Самое глупое, что я бы не заметила. Я шла к школьным воротам, как сто раз ходила, и думала: у меня пышная юбка, жаль, что никто больше не прыгает в резиночки, я бы попрыгала, пока асфальт сухой, и что я во всём чёрном, а в чёрном нельзя, а я специально на это чёрное надела ярко-голубой браслет, чтобы М. И. точно заметила и возмутилась. Нельзя, нельзя тут яркое, это же школа, тут все должны сосредотачиваться и что там ещё. Почему-то никто не вспоминает в такие моменты, что вроде школа – это якобы второй дом, а дома ведь можешь носить что хочешь, я так думаю. В общем, я шла и думала про этот браслет, и что надо добыть яркие туфли и носить их тоже.

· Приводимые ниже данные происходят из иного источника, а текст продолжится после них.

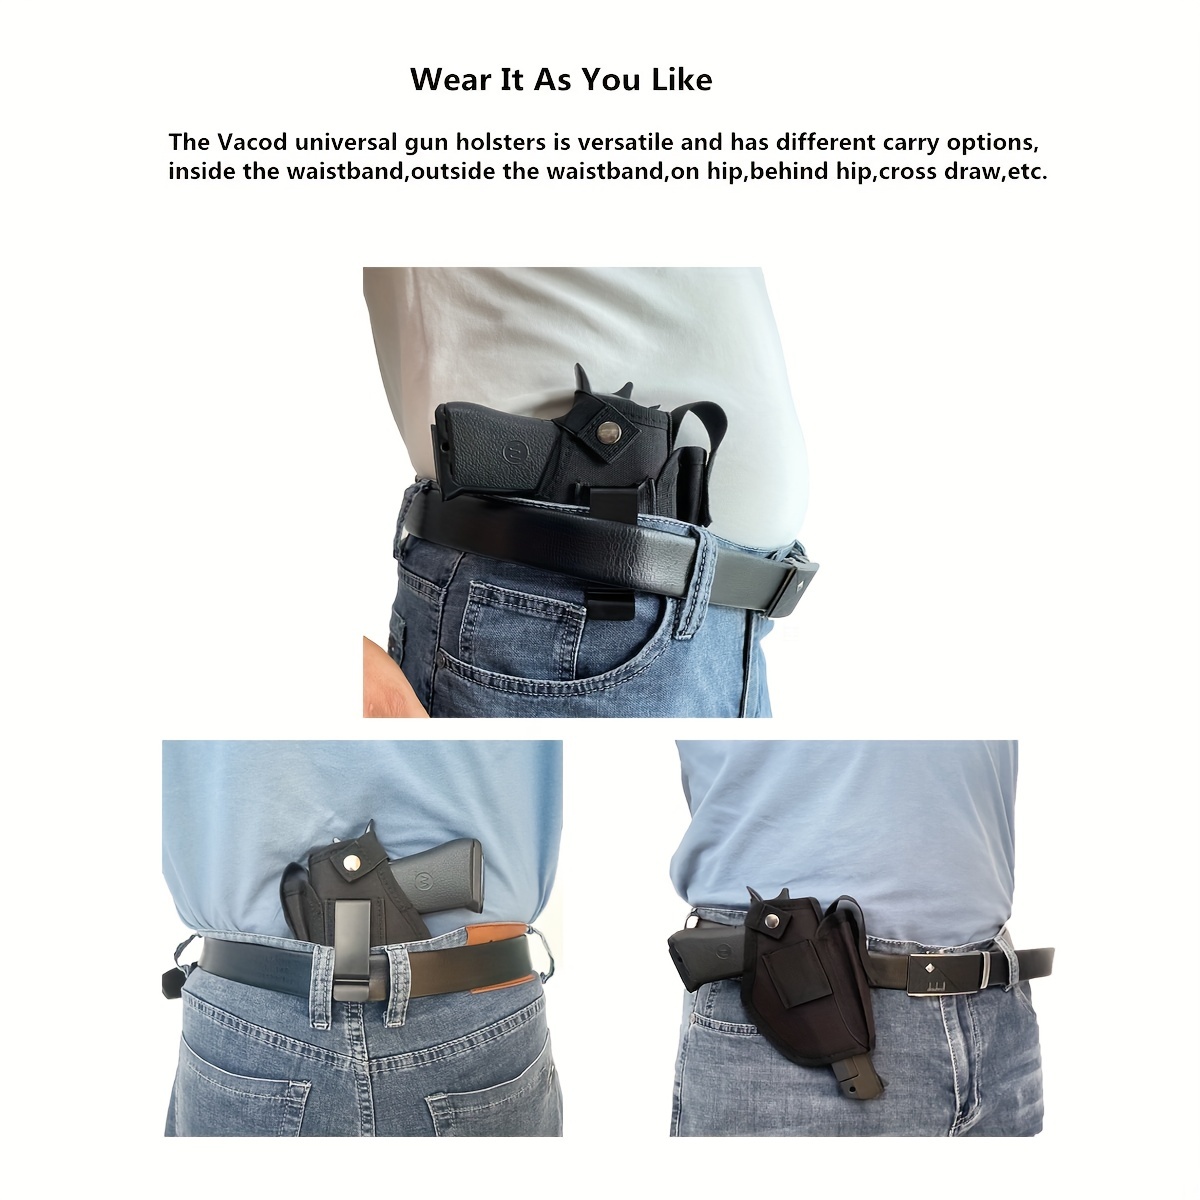  2 Pack Gun Holsters for Concealed Carry, Universal

Тут вот какое дело: есть столовая, где в перемену можно успеть отстоять очередь и согреться чаем, есть скелет в кабинете биологии, которому я однажды оторвала руку, когда пыталась дружелюбно поздороваться; есть Катька, с которой мы ещё в сопливом седьмом классе три месяца делили один учебник по литературе на двоих и пересказывали друг другу эпизоды из «Тараса Бульбы»; есть полимерная пластика, песенки в наушниках, рецепты коржиков, велосипед и набережная. Можно найти сколько угодно маленьких вещей, которые сделают жизнь пёстрой и терпимой, только это как будто бы в стеклянном шаре, и его нужно встряхивать снова и снова. Потому что за шаром папины проблемы с сердцем и то, как мама притворяется капризной девочкой. Как будто в шаре всё цветное и блестящее, а вне – серое. Или все эти разборочки на кухне, как будто я не слышу через дверь.
– Да расскажи ей, – говорит отец, – она не маленькая.
Отец тоже почти всегда усталый и будто через раз понимает, где находится, но никогда не лезет, если не зовут. В том октябре ему как раз плохело с сердцем, и тогда он и начал спорить с мамой – тихо-тихо, но зато каждый вечер, за вечерним чаем, вместо своих любимых новостей.